Problems: CF 182D, CF 1138B

Pattern 3: Counting Substring Occurrences

Count how many times each prefix of $s$ appears as a substring. Process $π$ in reverse: each $π [i] > 0$ means the prefix of length $π [i]$ appears once more. Propagate counts up the failure-link chain.

cpp

auto pi = prefix_function(s);
int n = s.size();
vector<int> cnt(n + 1, 1); // each prefix appears at least once (itself)
for (int i = n - 1; i >= 1; i--)
    cnt[pi[i]] += cnt[i];
// cnt[k] = number of times s[0..k-1] appears in s (for k >= 1)
// cnt[0] accumulates leftover and is usually not meaningful.
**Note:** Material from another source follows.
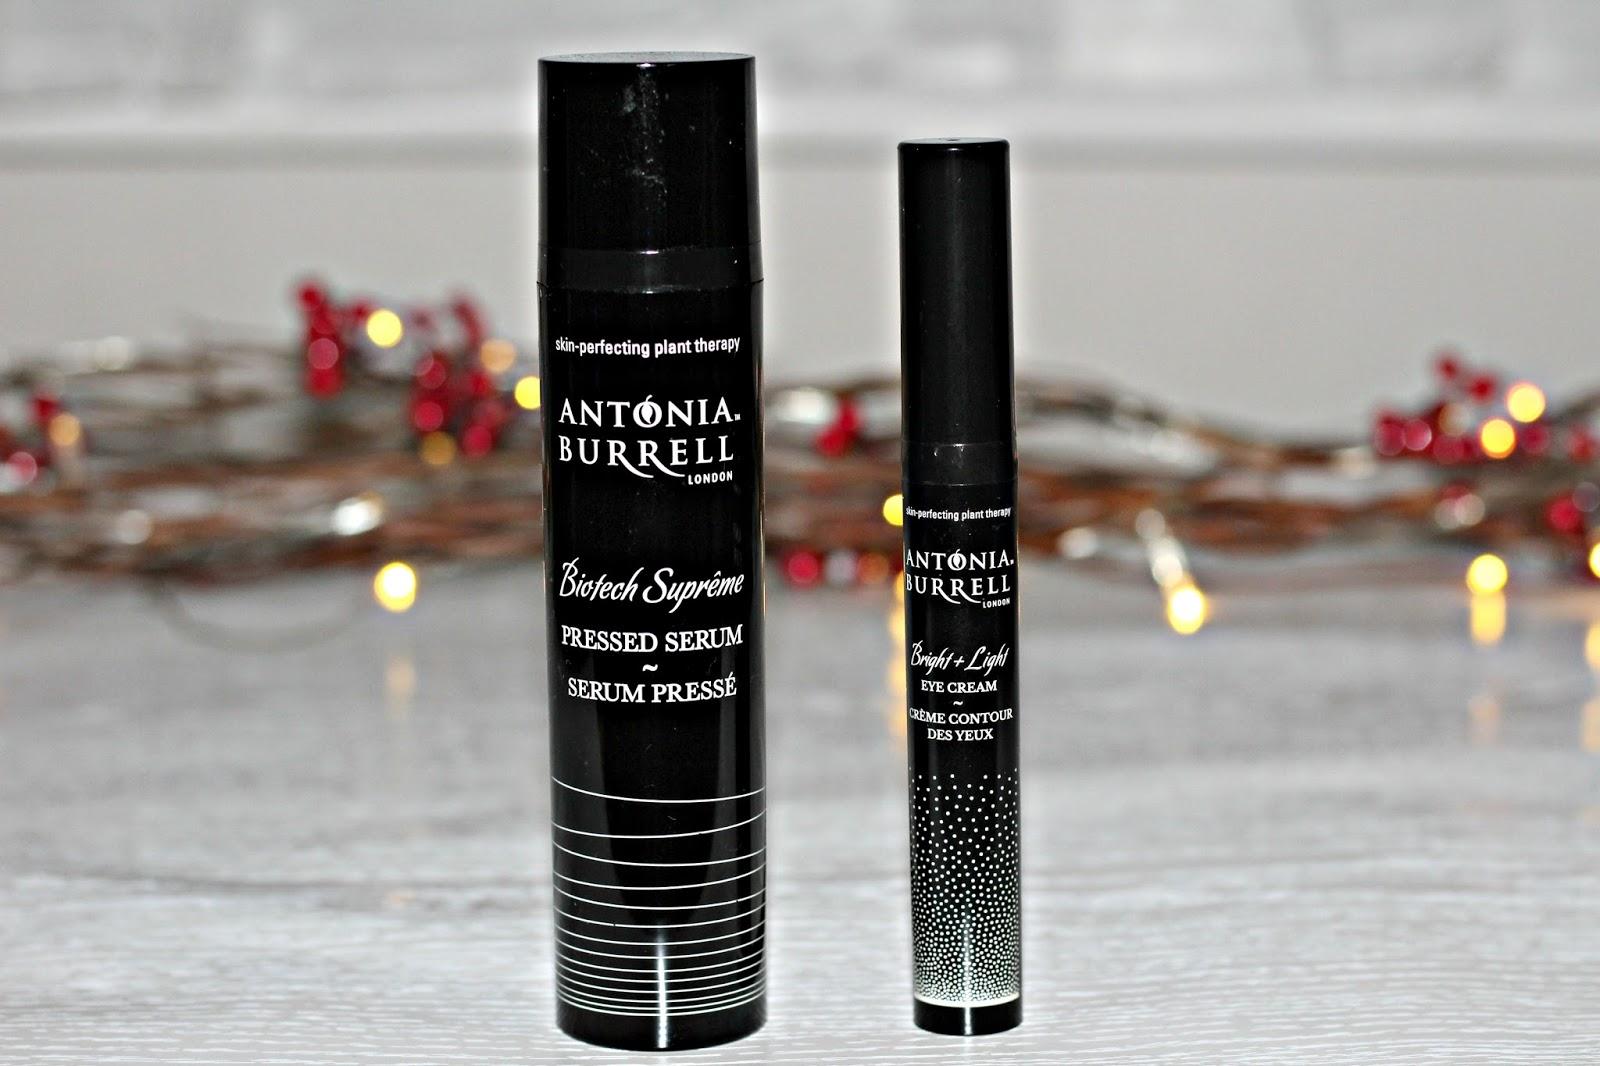 Antonia Burrell: Biotech Pressed serum and Bright and light eye cream review

Problems: CF 432D, CF 1163D

Pattern 4: String Borders (Prefix = Suffix)

All borders of a string $s$ have lengths $π [n - 1], π [π [n - 1] - 1], π [π [π [n - 1] - 1] - 1], \dots$ -- just follow the failure-link chain until you reach 0.

cpp

auto pi = prefix_function(s);
int n = s.size();
vector<int> borders;
int k = pi[n - 1];
while (k > 0) {
    borders.push_back(k);
    k = pi[k - 1];
}

  VISUAL: ALL BORDERS OF "abacaba" via failure chain

  a b a c a b a
  ├─────────────┤  full string (length 7)
  ├─────┤         π[6]=3: prefix "aba" = suffix "aba"  OK
  │a b a│c a│b a│
  ├─┤               π[2]=1: prefix "a" = suffix "a"    OK
  │a│b a c a b│a│
  
  Chain: 3 -> 1 -> 0 (stop). Borders: {3, 1}.

Problems: CF 126B, CF 1092F

Pattern 5: Number of Distinct Substrings (Incremental)
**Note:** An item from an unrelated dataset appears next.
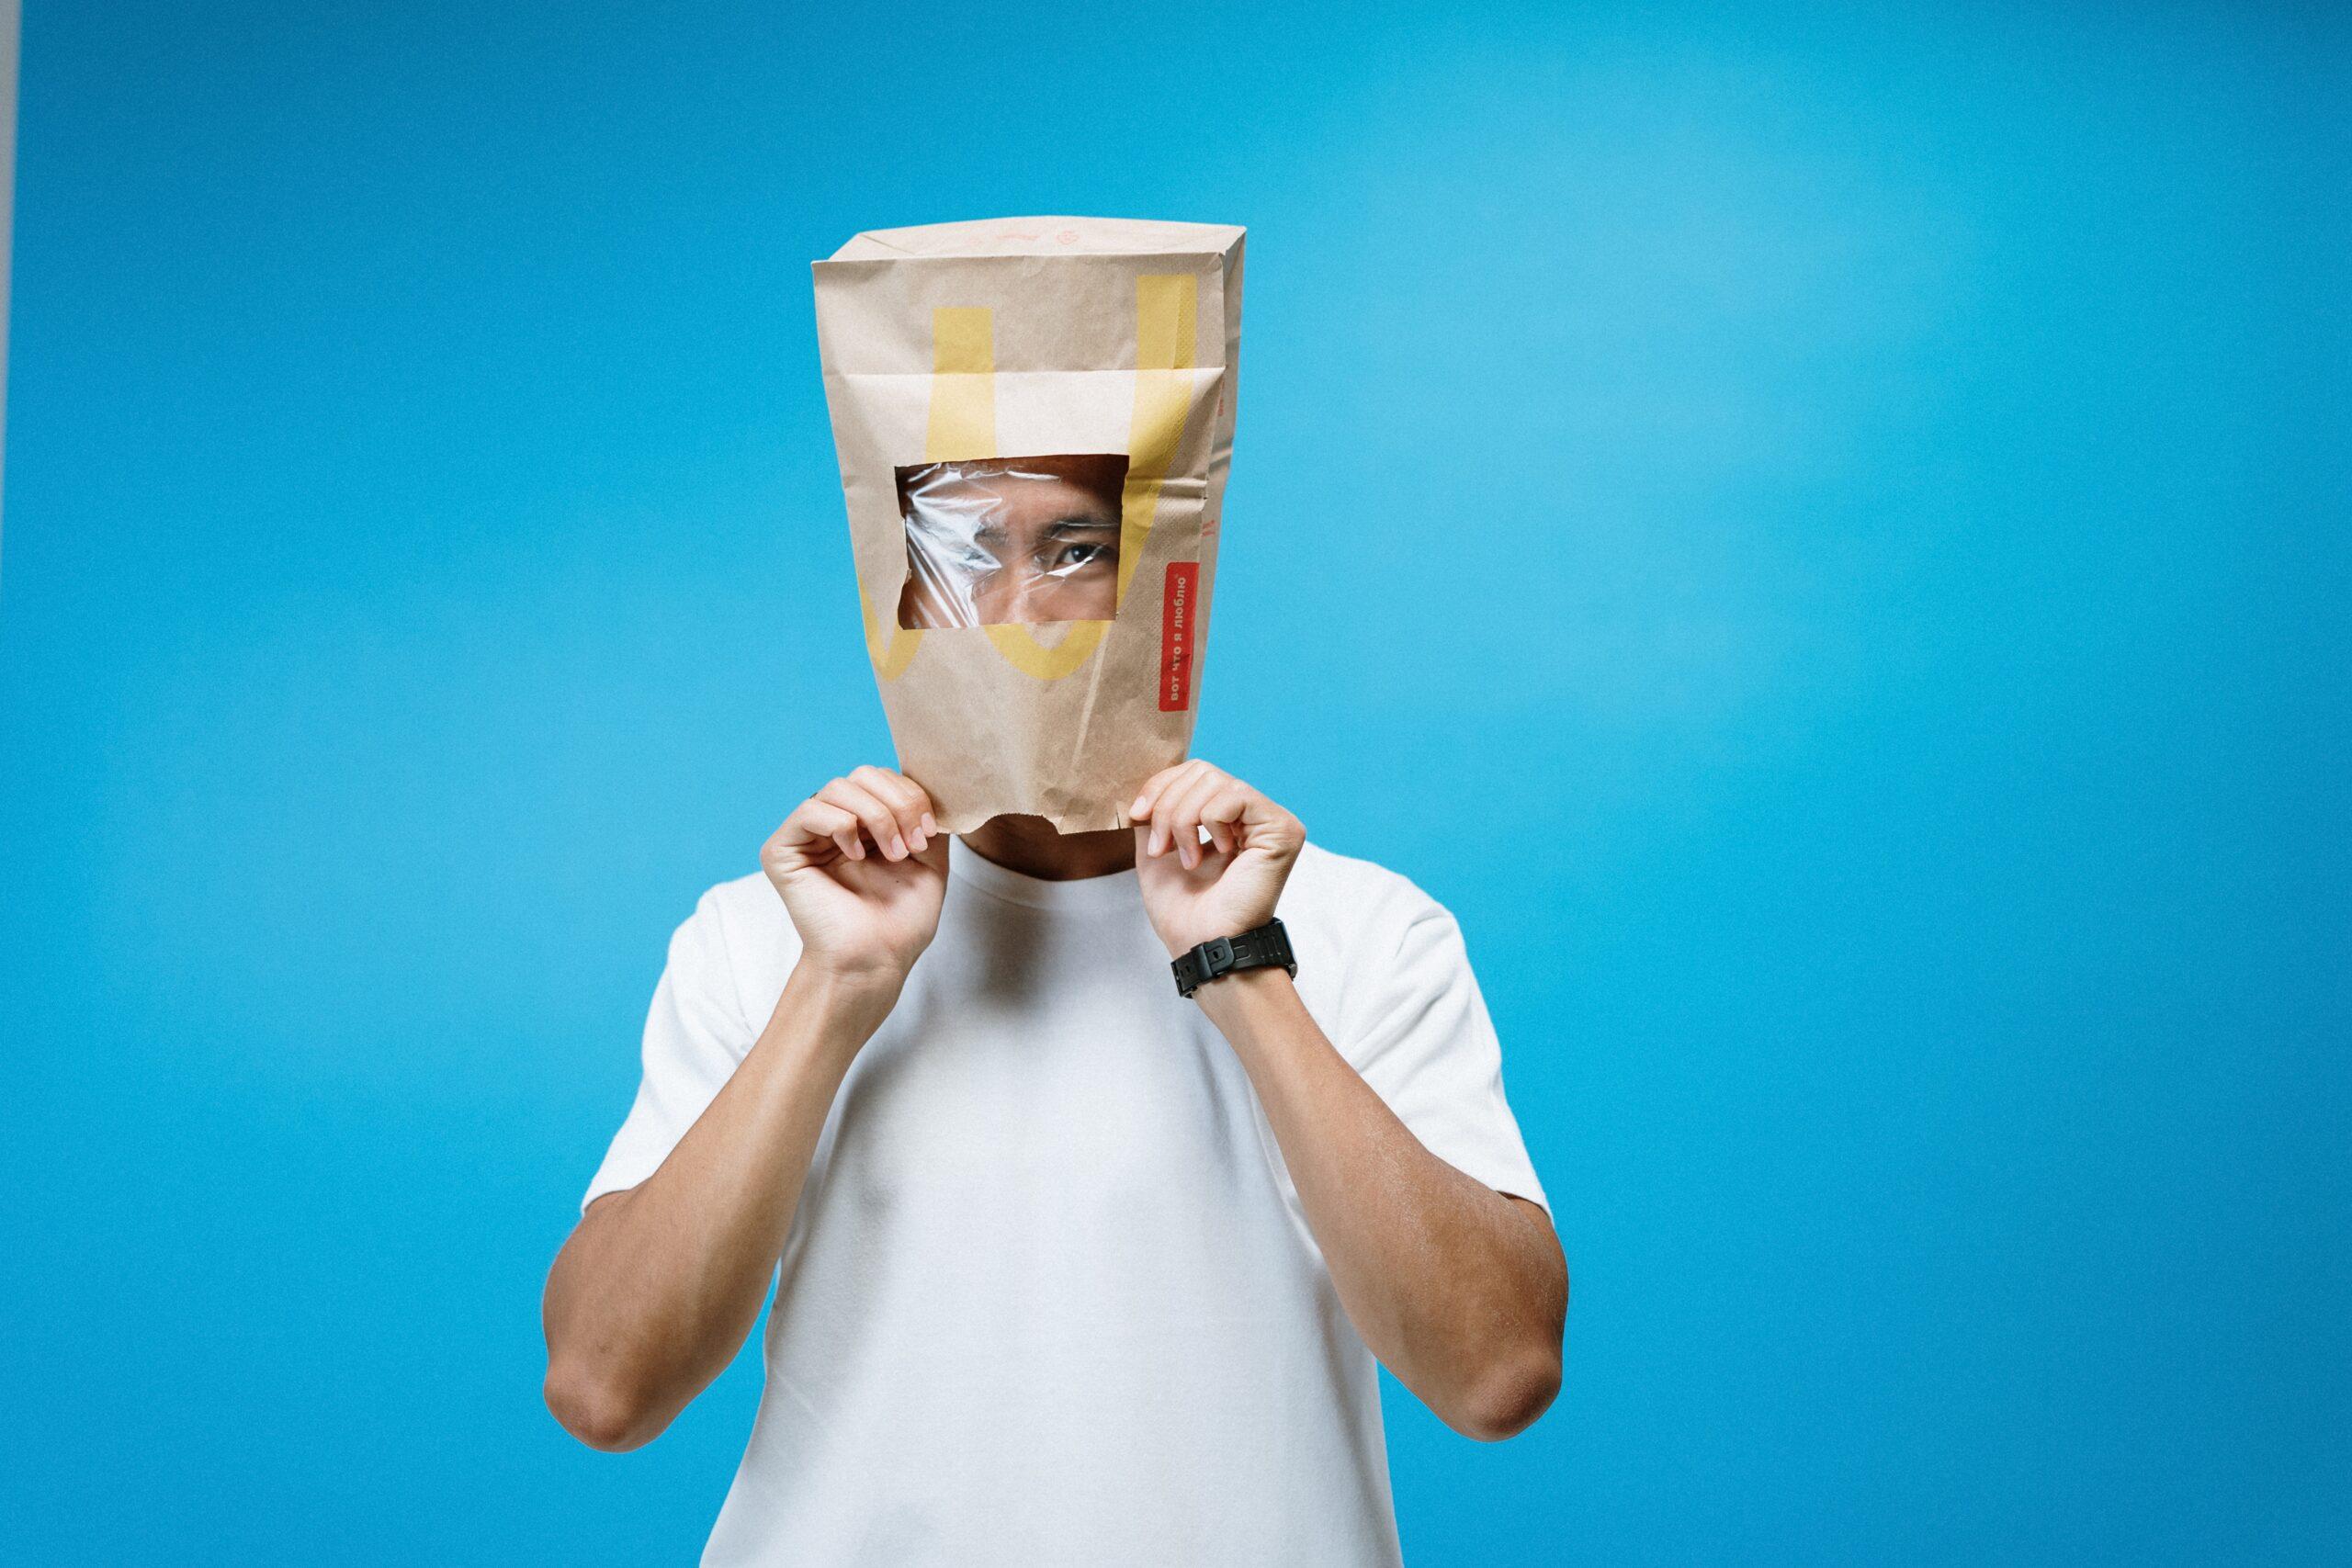 Man wearing paper bag on his head

Add characters one by one and use Z-function to count new distinct substrings. When appending character $c$ to current string $s$ , compute Z-function of $reverse (s + c)$ . The number of new substrings is $| s | + 1 - max (Z [i])$ .

Problems: CF 271D

Pattern 6: Automaton Construction (KMP Automaton)

Precompute the transition function $δ [j] [c]$ for all states $j$ and characters $c$ . This gives $O (1)$ per character matching and is useful when matching against multiple texts or combining with DP.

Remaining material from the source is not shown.